The "group" and "name" are arbitrary values defined by the package
author and usually a client will wish to resolve all entry points for
a particular group. Read the setuptools docs for more information on
entry points, their definition, and usage.

버전 3.12에서 변경: The "selectable" entry points were introduced in
"importlib_metadata" 3.6 and Python 3.10. Prior to those changes,
"entry_points" accepted no parameters and always returned a dictionary
of entry points, keyed by group. With "importlib_metadata" 5.0 and
Python 3.12, "entry_points" always returns an "EntryPoints" object.
See backports.entry_points_selectable for compatibility options.

버전 3.13에서 변경: "EntryPoint" objects no longer present a tuple-
like interface ("__getitem__()").


배포 메타데이터
---------------

importlib.metadata.metadata(distribution_name)

   Return the distribution metadata corresponding to the named
   distribution package as a "PackageMetadata" instance.

   Raises "PackageNotFoundError" if the named distribution package is
   not installed in the current Python environment.

class importlib.metadata.PackageMetadata

   A concrete implementation of the PackageMetadata protocol.

   In addition to providing the defined protocol methods and
   attributes, subscripting the instance is equivalent to calling the
   "get()" method.

모든 배포 패키지는 "metadata()" 함수를 사용하여 추출할 수 있는 몇 가지
메타 데이터가 포함되어 있습니다:

   >>> wheel_metadata = metadata('wheel')

반환된 데이터 구조의 키는 메타데이터 키워드의 이름을 지정하고, 값은 배
포 메타데이터에서 구문 분석하지 않은 채로 반환됩니다:

   >>> wheel_metadata['Requires-Python']
   '>=2.7, !=3.0.*, !=3.1.*, !=3.2.*, !=3.3.*'

"PackageMetadata" also presents a "json" attribute that returns all
the metadata in a JSON-compatible form per **PEP 566**:

   >>> wheel_metadata.json['requires_python']
   '>=2.7, !=3.0.*, !=3.1.*, !=3.2.*, !=3.3.*'

The full set of available metadata is not described here.

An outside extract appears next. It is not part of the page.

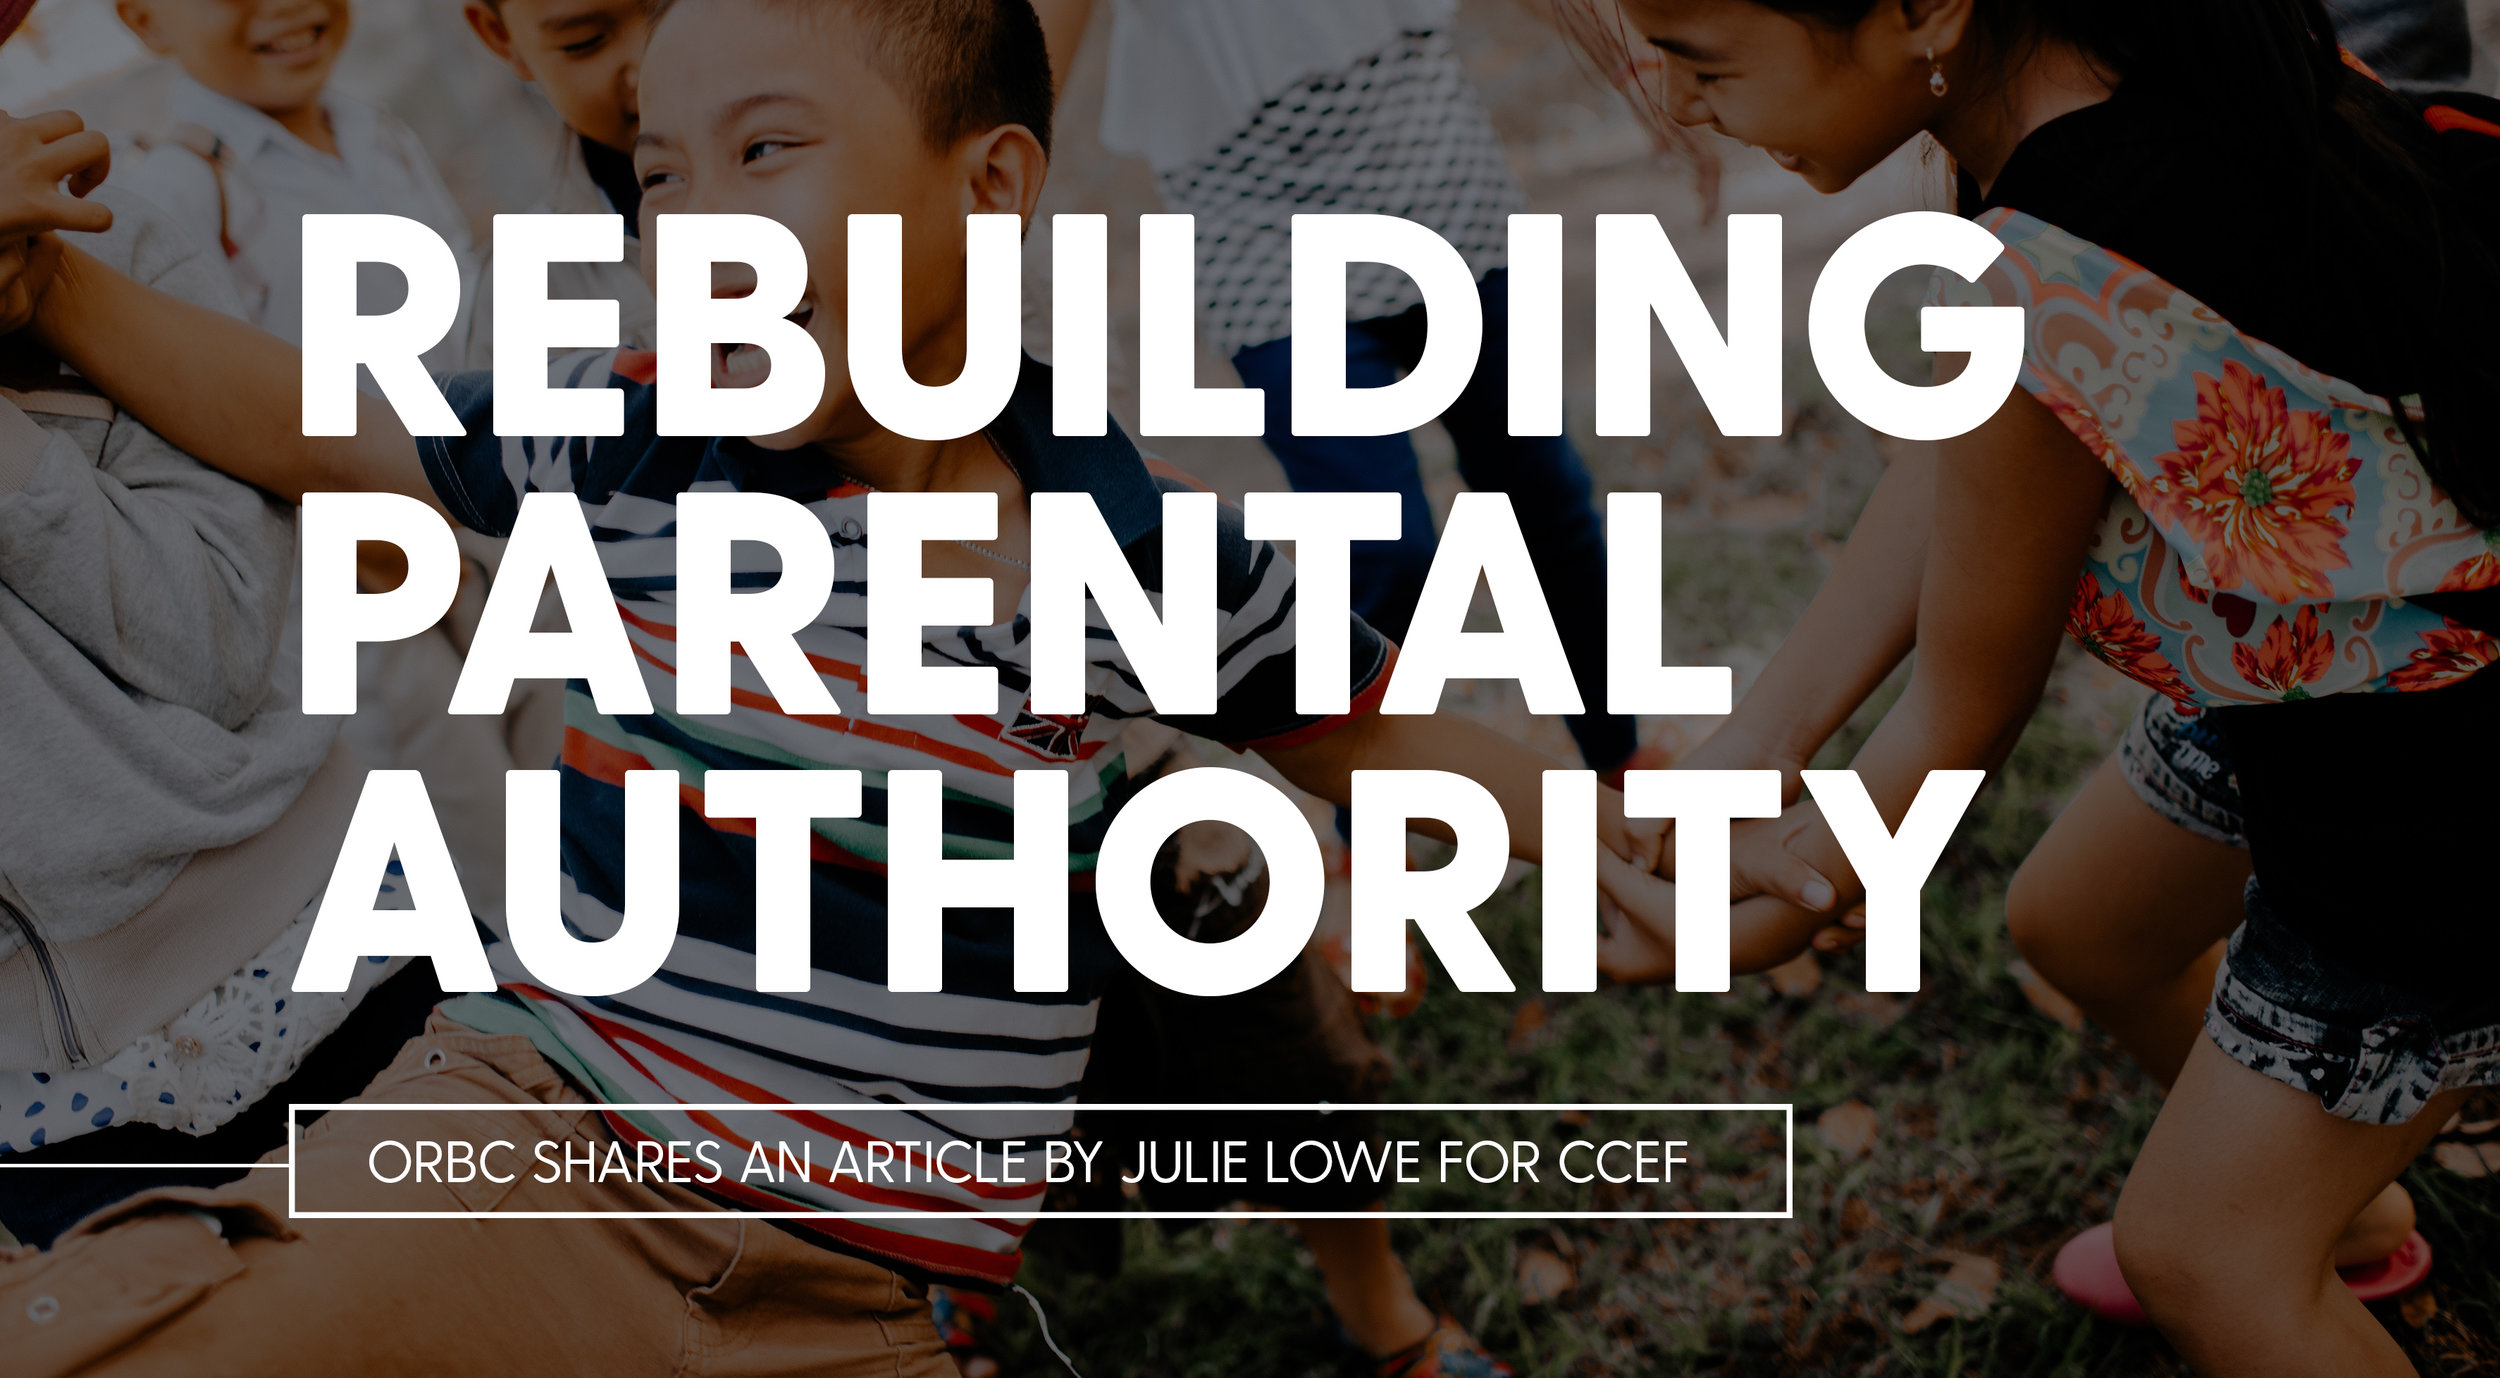 Rebuilding Parental Authority.jpg

See the PyPA
Core metadata specification for additional details.

버전 3.10에서 변경: The "Description" is now included in the metadata
when presented through the payload. Line continuation characters have
been removed.The "json" attribute was added.


배포 버전
---------

importlib.metadata.version(distribution_name)

   Return the installed distribution package version for the named
   distribution package.

   Raises "PackageNotFoundError" if the named distribution package is
   not installed in the current Python environment.

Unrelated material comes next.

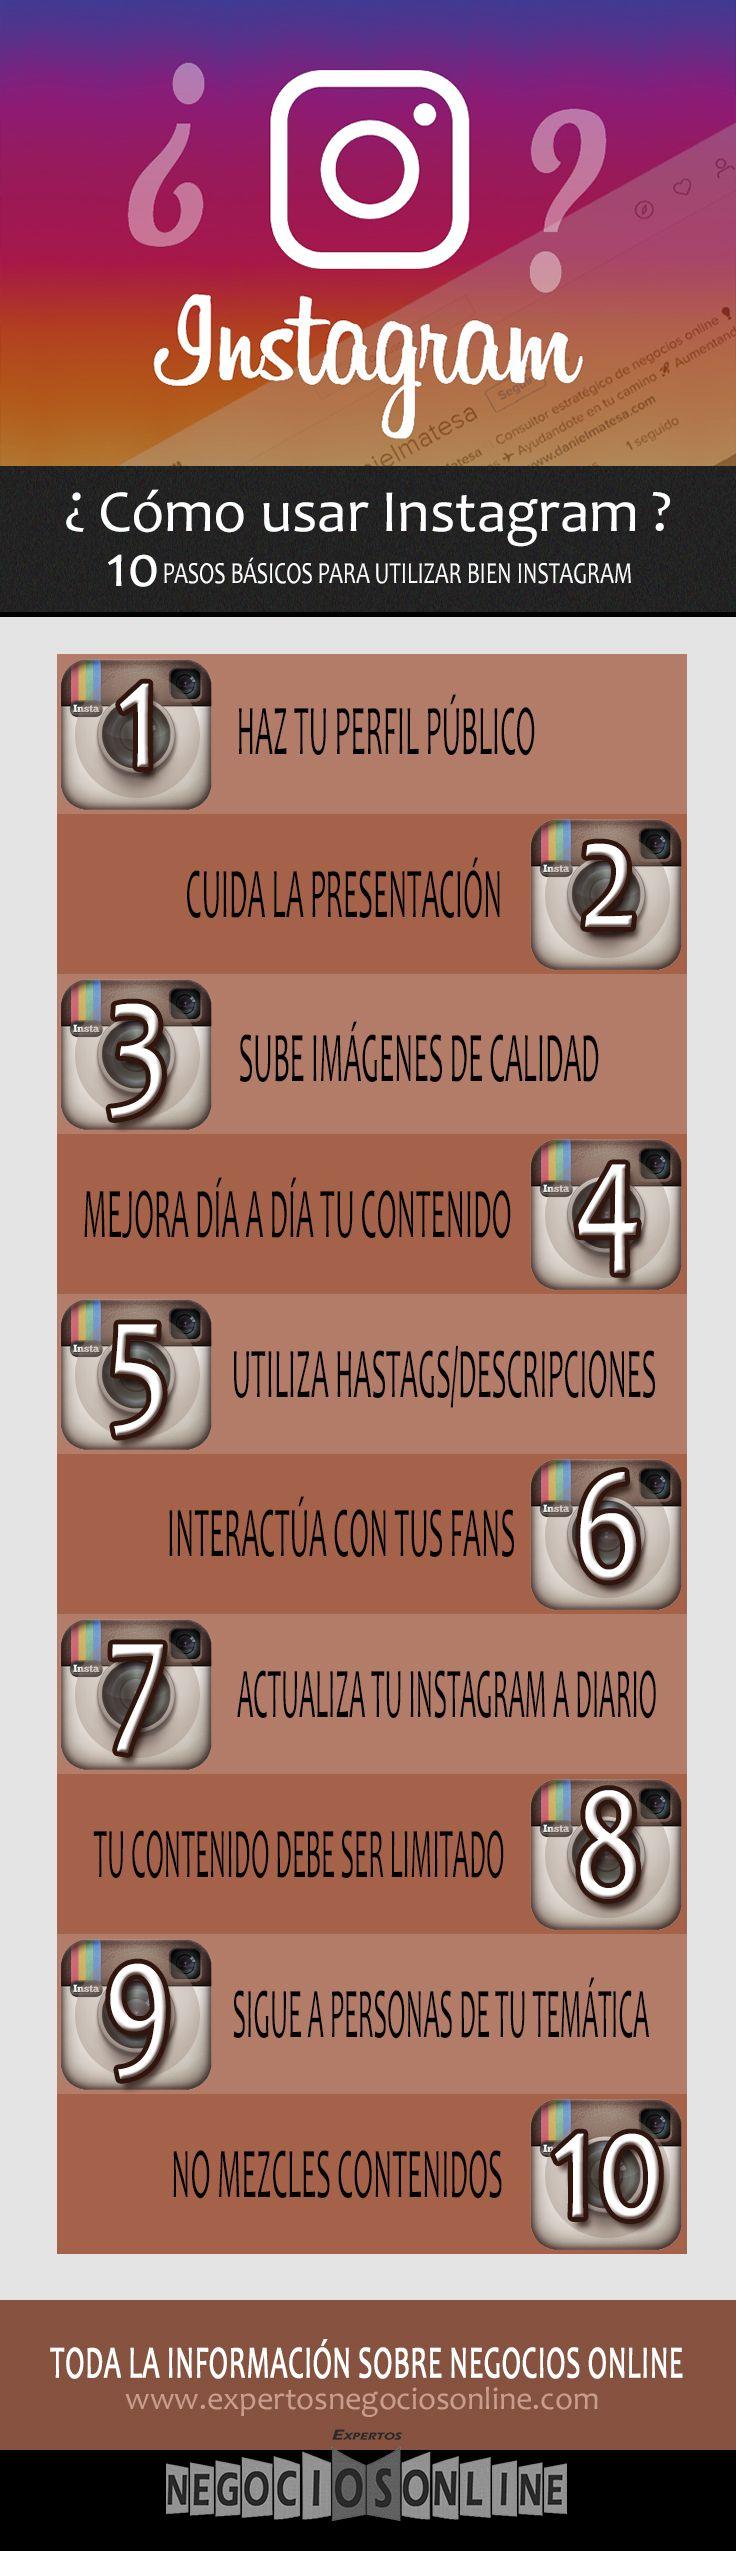 infografia de trucos sobre como usar instagram. Estrategia de redes sociales para promocionar tu pequeño negocio.

"version()" 함수는 배포 패키지의 버전 번호를 문자열로 가져오는 가장 빠
른 방법입니다:

   >>> version('wheel')
   '0.32.3'


배포 파일
---------

importlib.metadata.files(distribution_name)

   Return the full set of files contained within the named
   distribution package as "PackagePath" instances.

   Raises "PackageNotFoundError" if the named distribution package is
   not installed in the current Python environment.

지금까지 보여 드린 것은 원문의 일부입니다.